So you’d have to capture 6.33 (rounding errors) times longer with the F/10 to capture the same amount of electrons.

Another example would be to have a 325mm aperture with 1300mm focal length. It’s a 12.8” F/4 so it captures 6.25x more light than the 130mm. It will also be imaging at 0.6”/pixel but the flux increases 6.25x.
So, (0.6^2)*625=225e-/s/pixel

Remember, 130mm gives a flux of 100e-/arcsec so a 325mm gives 625e-/arcsec.

Thanks Colin, so we might as well just use my inputs:

Fuji XT2:
24.3 Megapixels
Sensor size: 23.6mm x 15.6mm
Pixel size = 3.9 microns
Resolution = 6000 x 4000 pixels

Esprit 100ED f/5.5 550mm
Esprit 120ED f/7 840mm

So.. 7^2/5.5^2 = 1.62
So the f/5.5 is 1.62x faster than the f/7
Although I think the above is only usable if the apertures were the same size right. So might have to disregard that for now.


550mm with my sensor gives 1.463"/pixel
840mm with my sensor gives 0.958"/pixel
Thanks to this calculator (http://celestialwonders.com/tools/imageScaleCalc.html)

Let’s say with a 100mm telescope you capture 100e- per square arcsec of sky per second. That’s the sky flux.
With the 100mm F/5.5 it’s (1.46^2)*100= 213 electrons/s per pixel

Does this mean that with a 120mm, we can capture more light per square arcsecond? If so, given area of 100mm is 7853mm2 and area of 120mm is 11309mm2, then thats 1.44x more area, so 1.44x more ability to collect photons.. im going rogue here, those who know please correct me..

So then with that, let’s say with a 120mm telescope you capture 1.44*100e- per square arcsec of sky per second. That’s the sky flux.
With the 120mm F/7 it’s (0.958^2)*144 = 132 electrons/s per pixel

So you’d have to capture 1.61 (rounding errors) times longer with the 120mm F/7 to capture the same amount of electrons as the 100mm f/5.5.

Is this about right? Or do you actually capture less light per square arcsecond.. my brain hurts. I bet my assumptions are way off.. or ive allowed for something twice.. or not allowed for something.

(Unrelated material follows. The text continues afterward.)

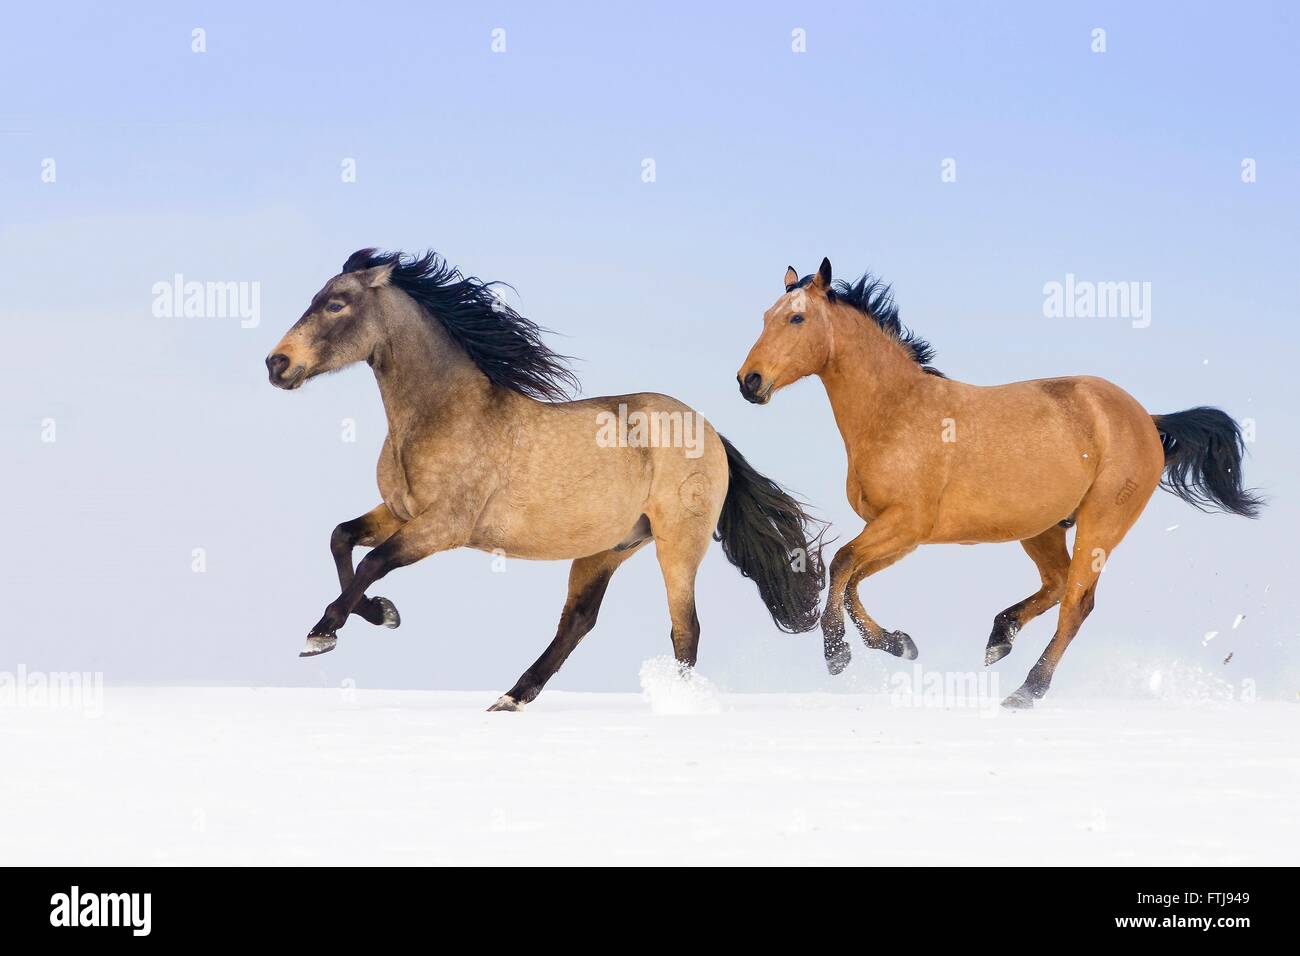 Cheval Kinky et pur cheval espagnol, andalou. Paire de chevaux galopant sur un dun pâturages enneigés. Allemagne Banque D'Images
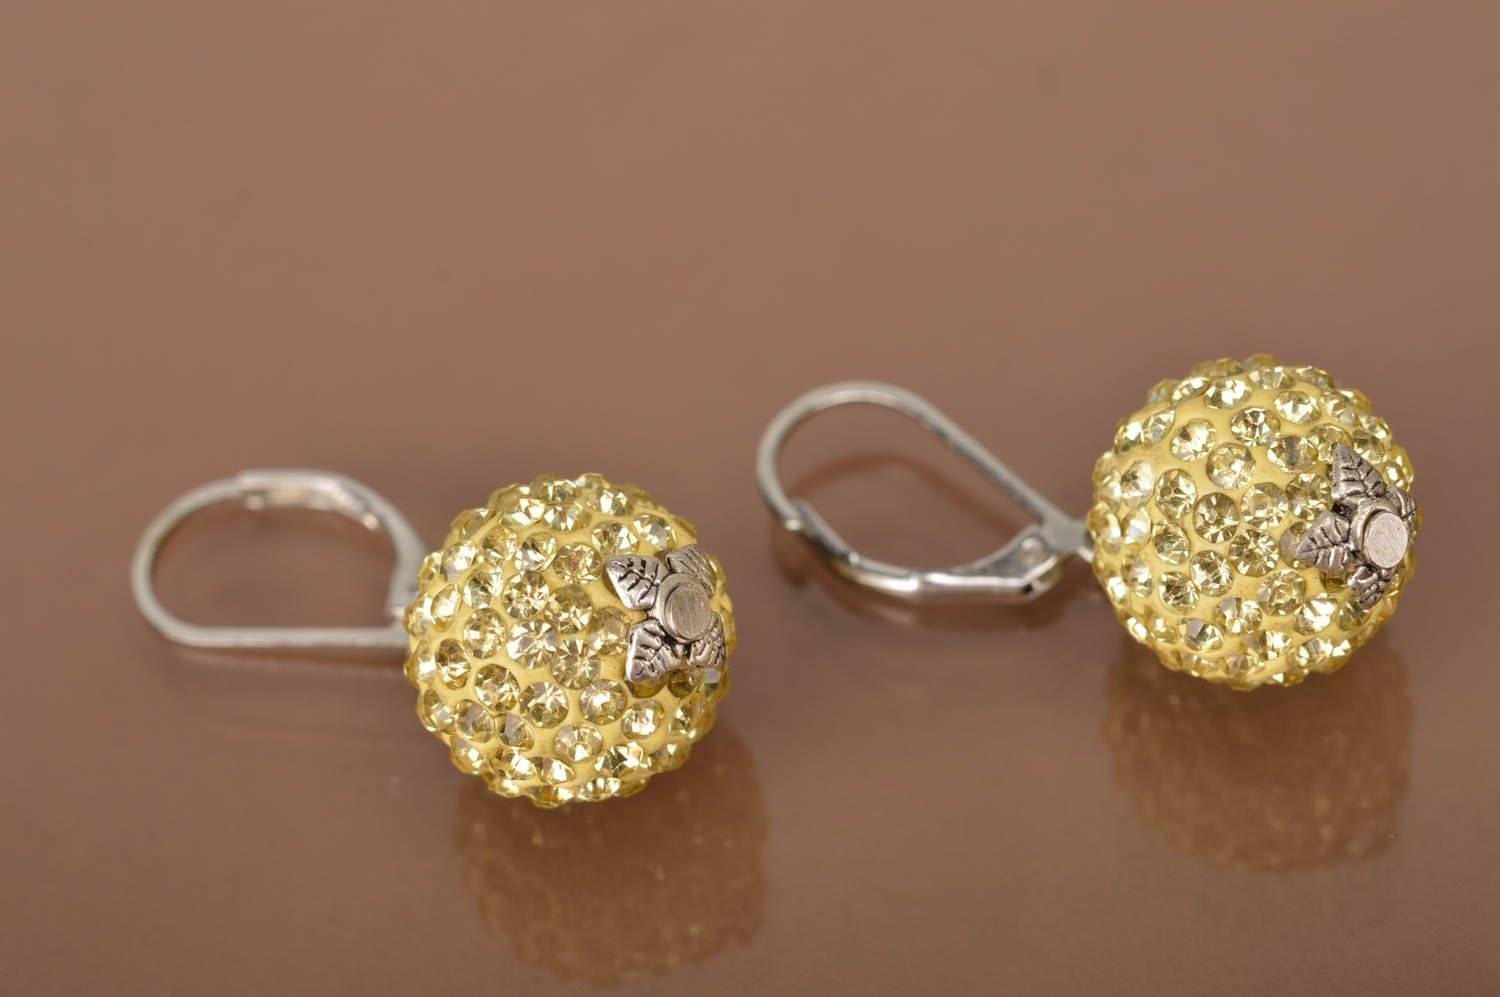 Small handmade metal earrings beaded ball earrings designer jewelry for her photo 5

I've got an esprit 100. All around great scope, but... the centre of the image is crystal clear but I'm a little disappointed at the field curvature in the peripheries, even on my ASI071MC APS-C sensor. It does <<almost>> fine on a SX814 sensor. So, great with small sensors, not so great with medium sized sensors. Forget full frame

I have an Esprit 100 and love it. The flattener works well but spacing to the sensor is critical. It has a tolerance of +/- 1mm I think but outside of that, the stars around the edges of an ASI1600 aren't round. Obviously more so with an APS-C sensor or larger. The FOV on the Esprit works very well for most nebulae but I added a Starizona Apex x0.65 recently. It does a great job of flattening the field with a bit more tolerance than the Sky-Watcher flattener and turns the Esprit 100 into a very fast wide field triplet. Of course I fell down the rabbit hole of astronomy purchases and added a Sidereal f/5 254mm Newtonian so with two OTAs I have 1270mm, 550mm and 357.5mm focal lengths ranging from f/5.5 to f/3.575. I would guess that the Esprit120 with the Starizona reducer would give you the best range of focal lengths for nebulae and larger galaxies.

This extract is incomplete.